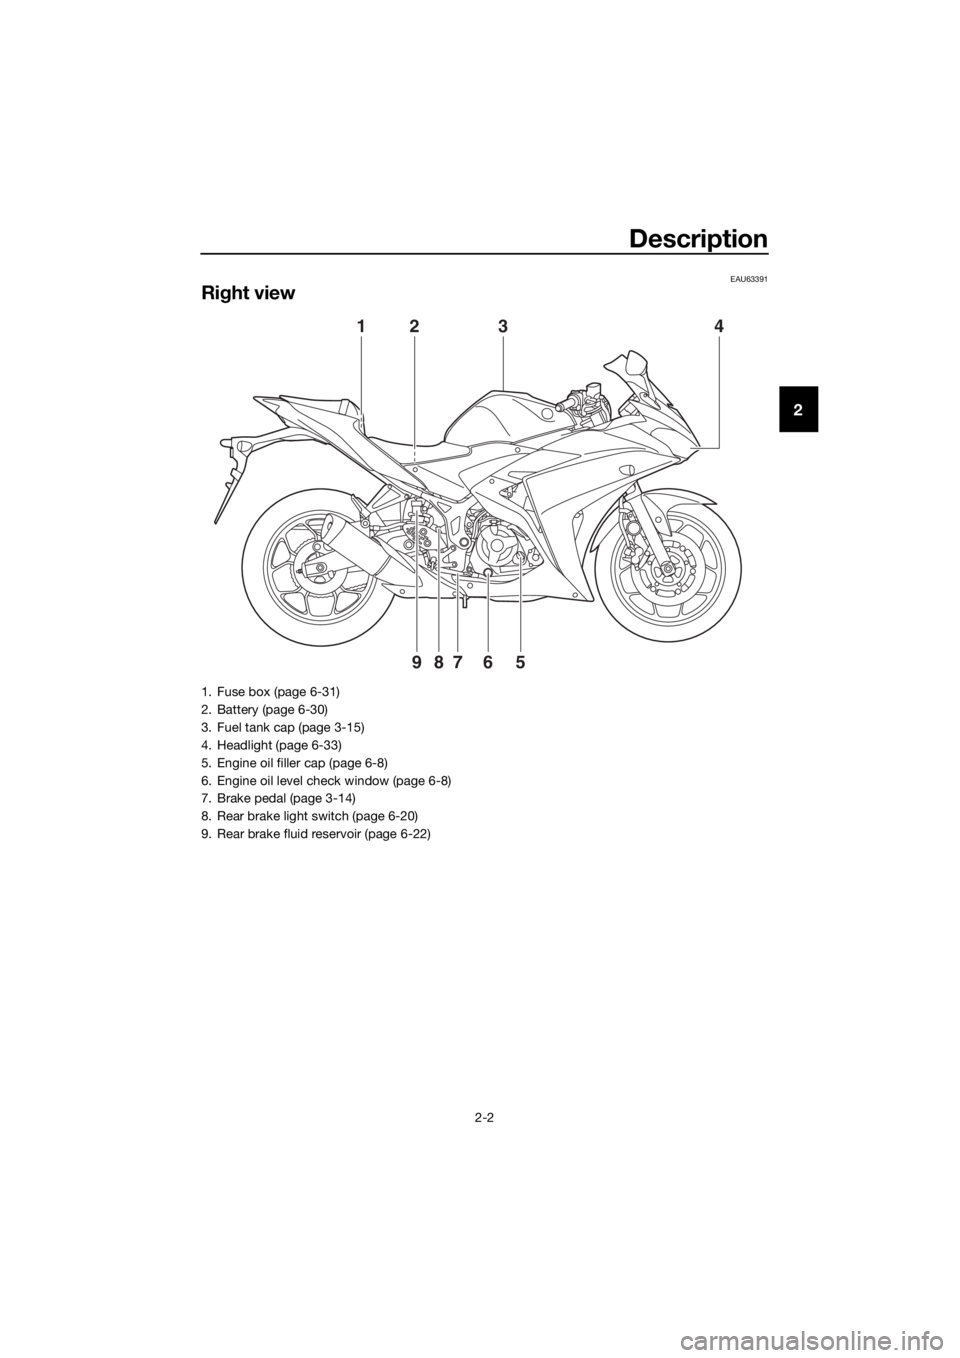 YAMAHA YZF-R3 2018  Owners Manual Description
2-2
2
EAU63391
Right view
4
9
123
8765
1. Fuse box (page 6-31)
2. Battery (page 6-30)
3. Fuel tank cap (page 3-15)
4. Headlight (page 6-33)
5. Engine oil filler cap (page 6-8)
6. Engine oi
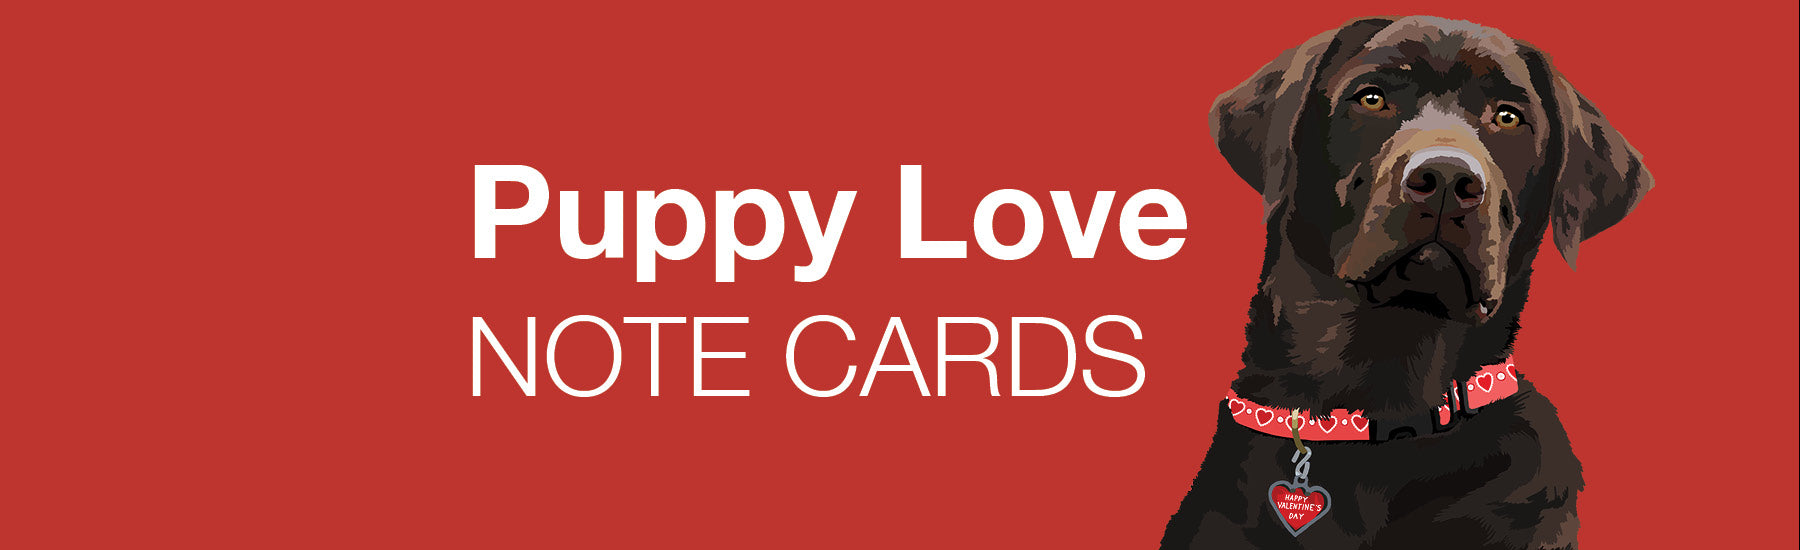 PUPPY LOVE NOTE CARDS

::::::::::

**What you have to do**
In the entries above, find each line with the string "page" and copy it.

**Reply to the exercise**
1. Fuse box (page 6-31)
2. Battery (page 6-30)
3. Fuel tank cap (page 3-15)
4. Headlight (page 6-33)
5. Engine oil filler cap (page 6-8)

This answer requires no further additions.